Lew Ayres gives possibly his best performance here. For other reviewers who say he's the weakest part of the movie, I don't agree; perhaps they need to see him in the classic 1930 offering, "All Quiet on the Western Front." In that film, Lew was gorgeous to look at it, but couldn't act his way out of a paper bag. Here, he's vastly improved and deliberately underplays a character who is caring, decent, but essentially stoic and very still. I admit there isn't a lot of chemistry between Wyman and Ayres, but he projects a dignity and decency which shines through.

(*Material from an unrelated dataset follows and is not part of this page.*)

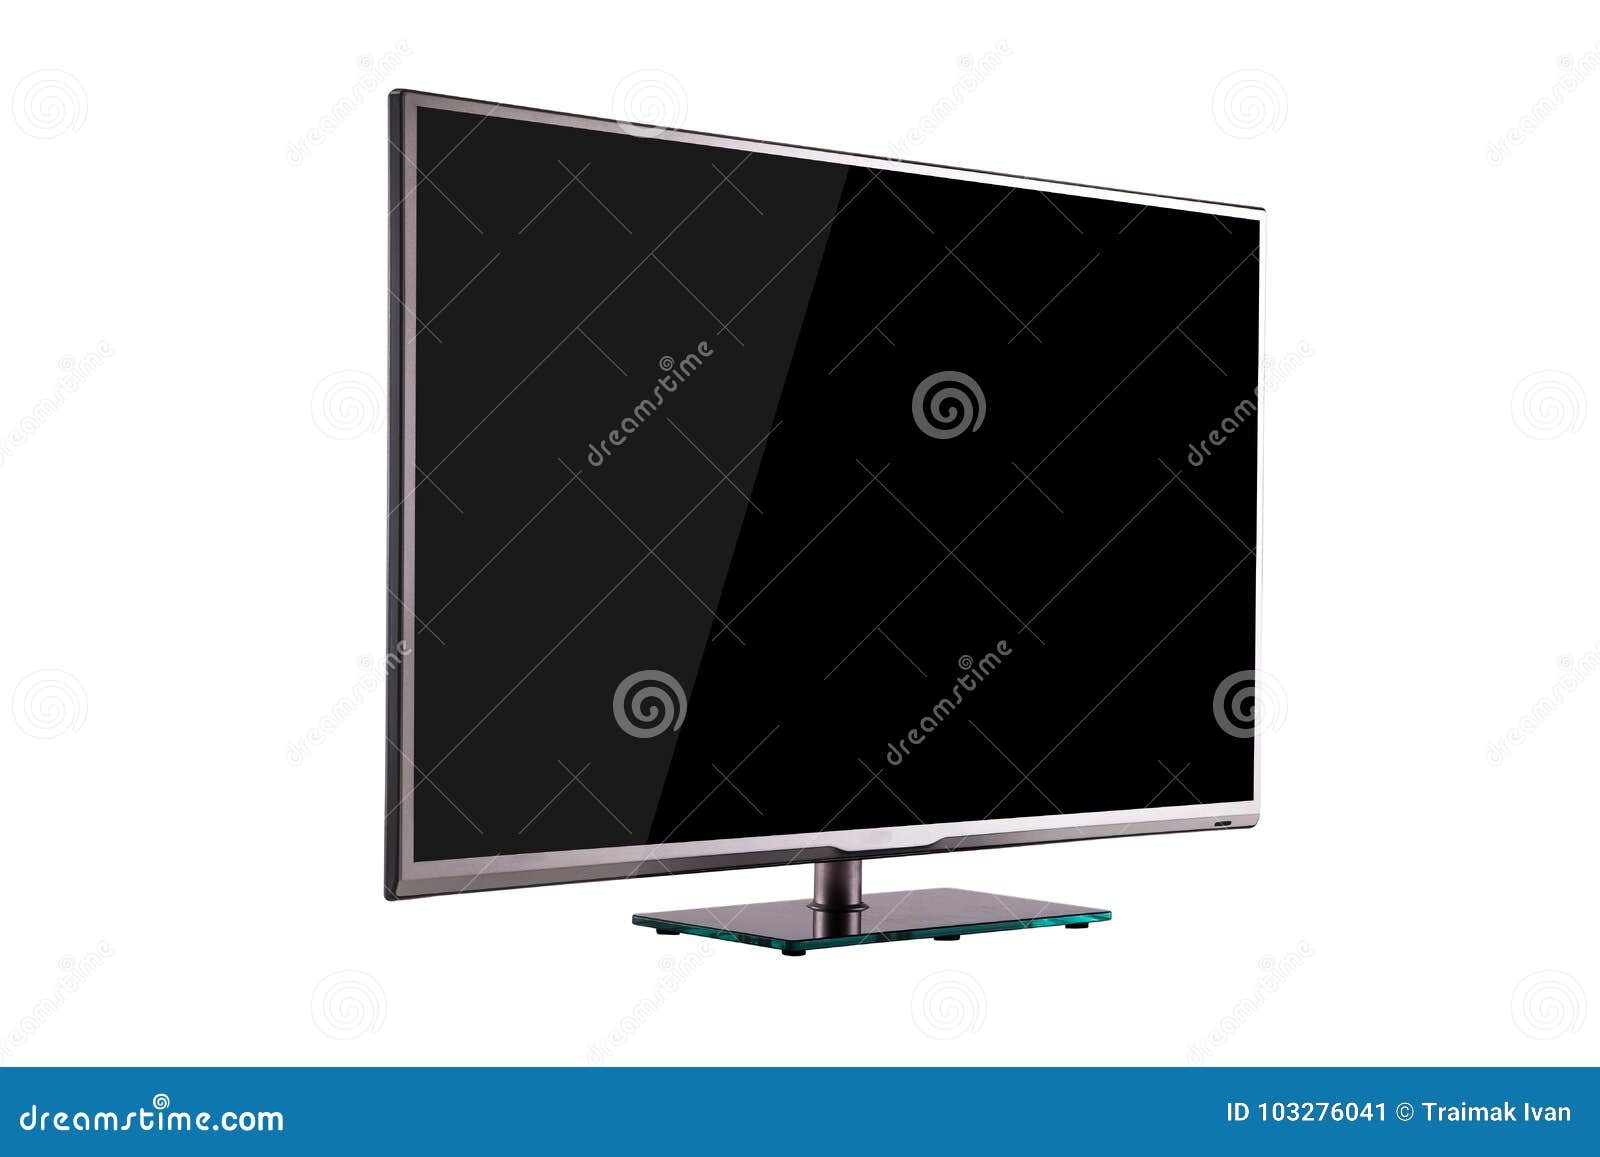 modern thin plasma lcd tv on a silver black glass stand

Agnes Moorehead and Charles Bickford deliver outstanding supporting performances. Their interplay and dialogue is interesting and they contribute to the flowing plot.
Aside from Wyman's stellar performance, the most interesting aspect of the film is that it is not dated in the least. The subjects of rape, an illegitimate baby and pre-marital sex were hardly common themes in movies of that era, and this film handles it with aplomb and class. The weakness of the film is that Belinda is assailed from all sides constantly; her lot in life is hard enough to begin with, but she is thrown one vicious curve after another. But not to worry, all comes out all right in the end.
This movie is worth watching solely for Wyman's outstanding performance. Watch her eyes and how she conveys such beautiful emotion in them. I have renewed respect for Jane Wyman after watching this moving drama.